In both instances,  the judges made allowances because the attackers were drunk, something that was ignored in the cases of Woodhouse and Stacey and which is routinely disregarded as a mitigating plea in English criminal cases. The black assailants were not accused of racially aggravated offences despite the broad facts of the case – black assailants on white victims –  and,  in the case of Rhea Page,  the shouting racist epithets such as white bitch. Woodhouse and Stacey pleaded guilty which attracts a lesser sentence,  whereas the defendants in the Rhea Page case pleaded not guilty (which supposedly carries a heavier sentence) and one of the defendants in the legal secretaries case pleaded not guilty and went to an Old Bailey trial.   The double standards in what is supposed to be English justice  where it is black on white crime rather than white on black crime  are so glaring that they scarcely need comment beyond saying that equality before the law is the only real law there is; everything else is simply partiality.

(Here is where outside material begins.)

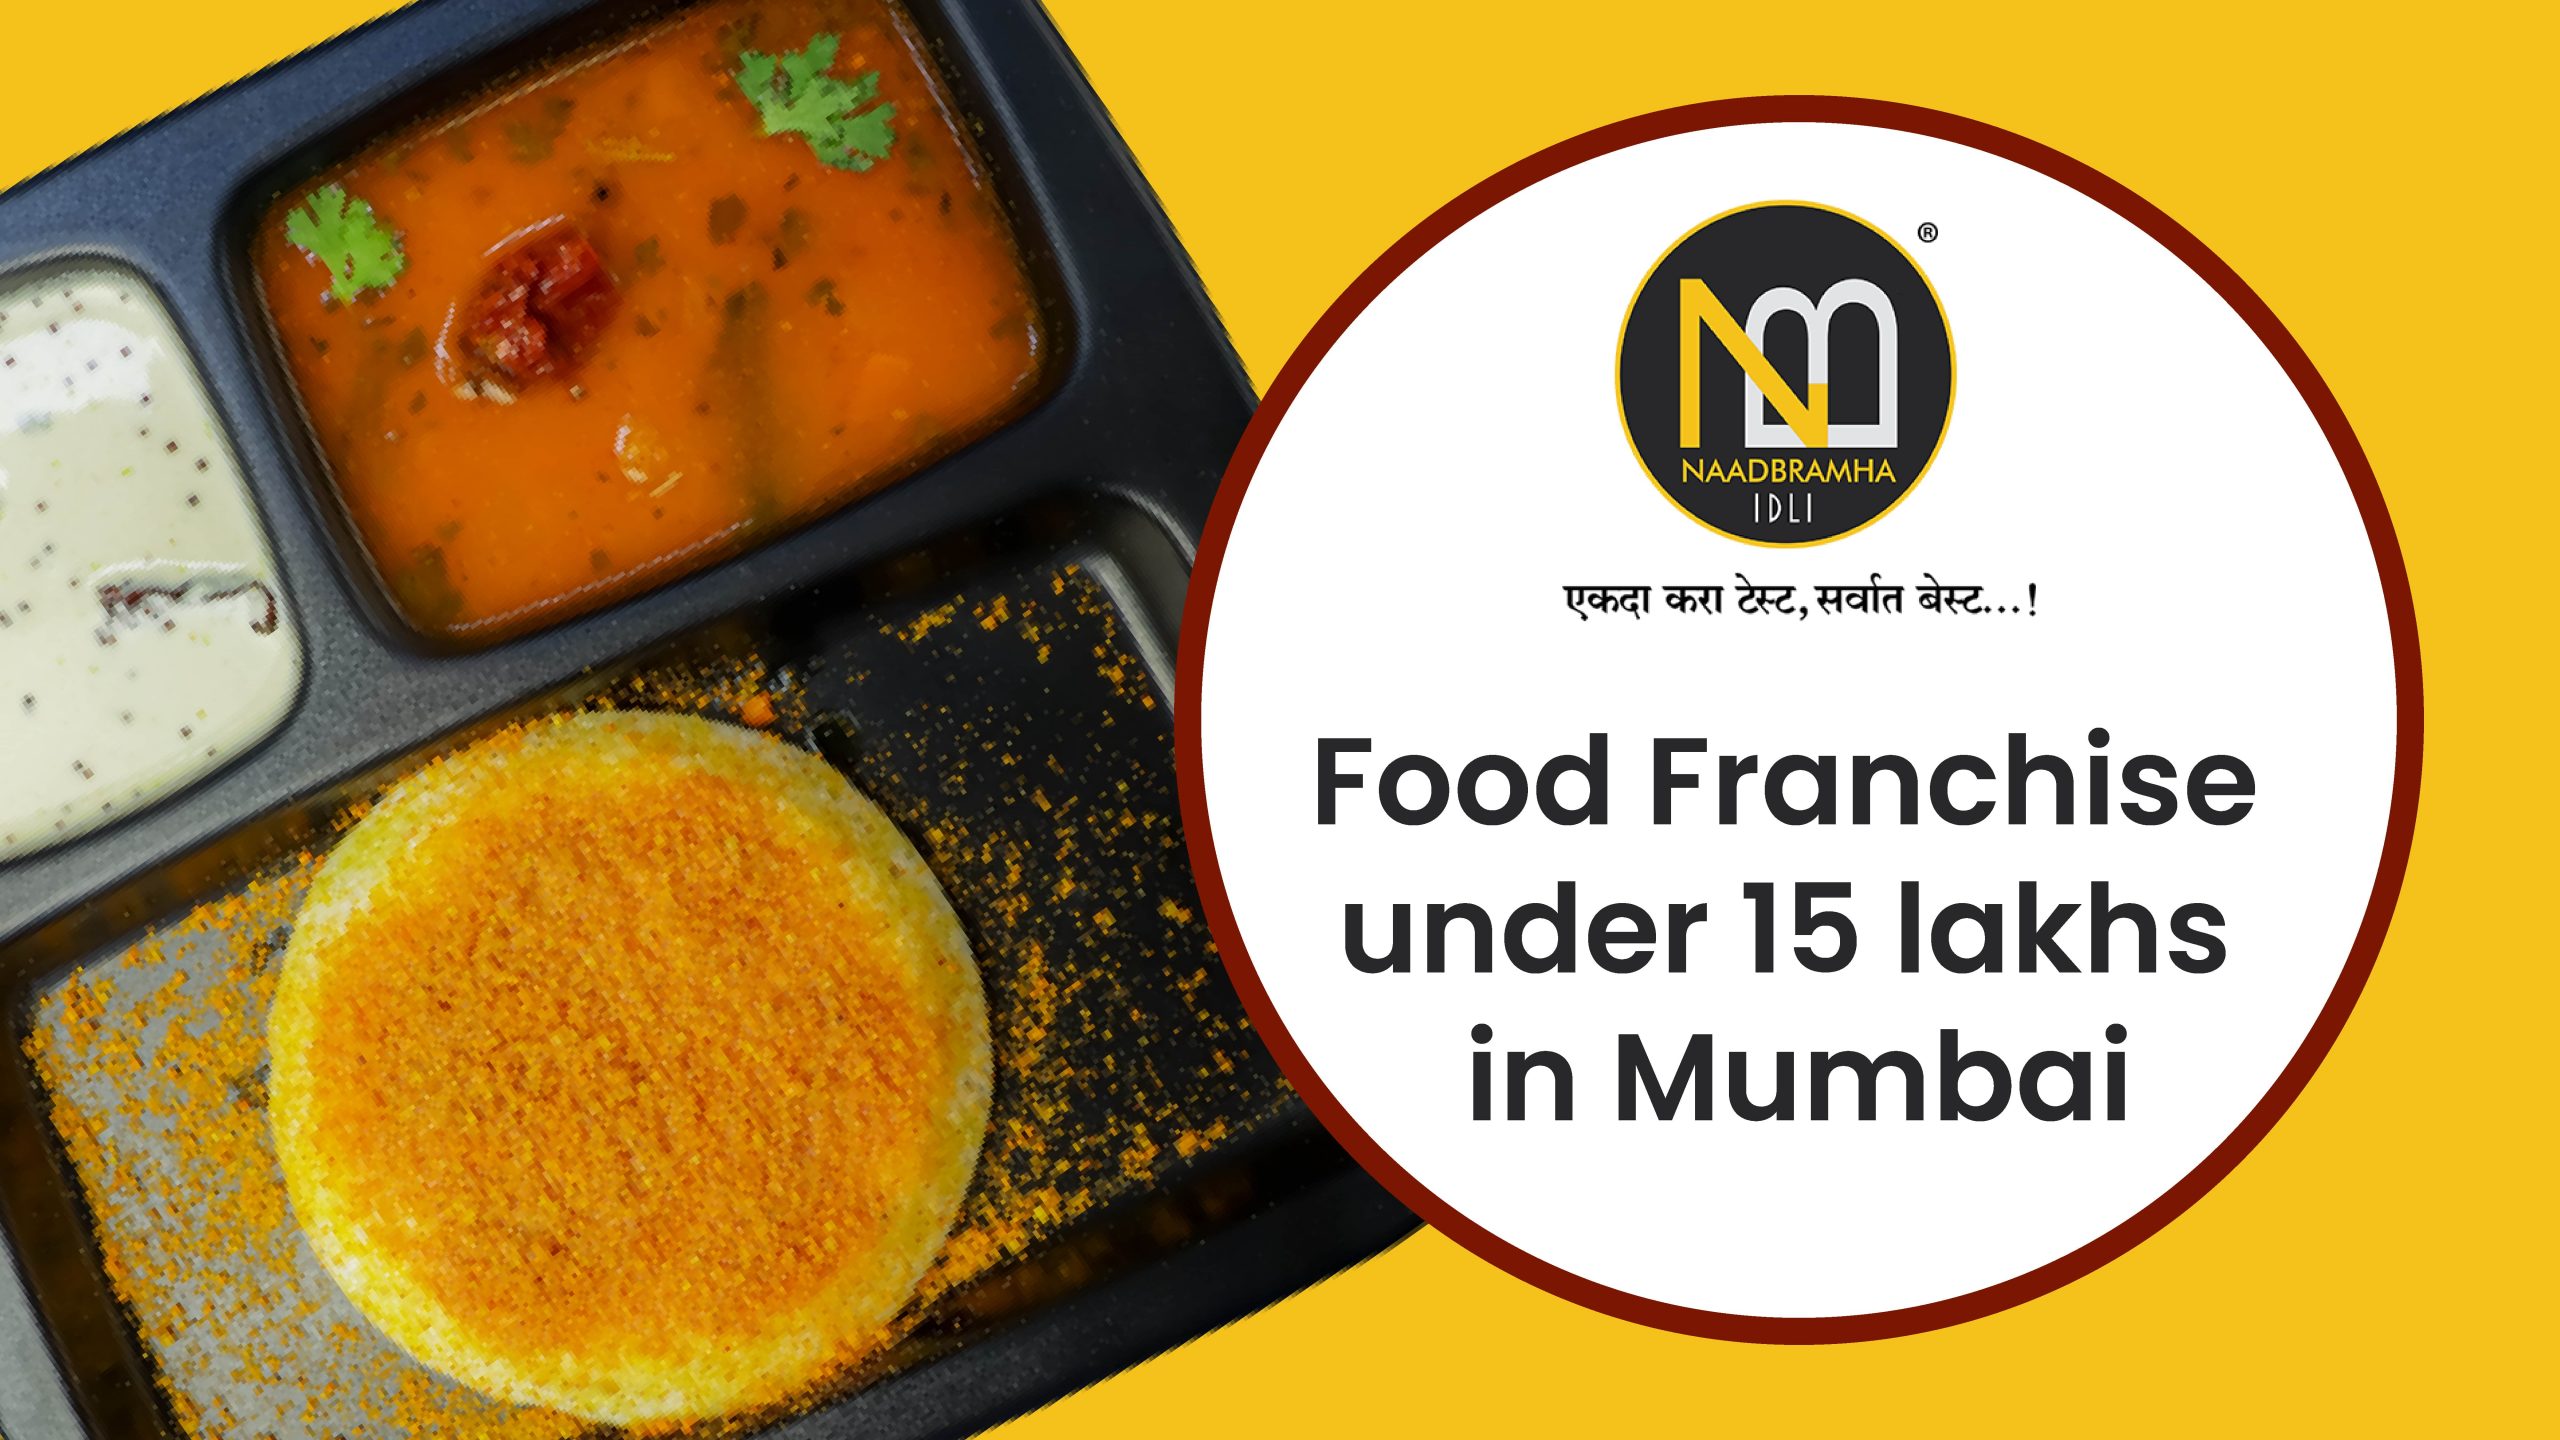 Food franchise under 15 lakhs in Mumbai

As for Ms Woodward and Liam Stacey, what has happened to them undermines  what English society is meant to be, a place where people can express themselves without fear of a knock on the door by the authorities.  The criminalising of speech is incompatible with a free society and  free expression is a necessary part of democratic politics.  The laws which prevent people protesting about the effects of mass immigration are simply tools of those who committed the most fundamental act of treason by permitting the immigration.  People like Ms Woodhouse are not engaging in mindless or vicious abuse. They are engaging in the most basic form of political protest in which they say my national territory has been invaded with the collusion of traitors in the form of the British political elite.  That is the most valuable political message any person can give for it goes to the heart of what it is to be a nation and have a secure territory under the control of the nation.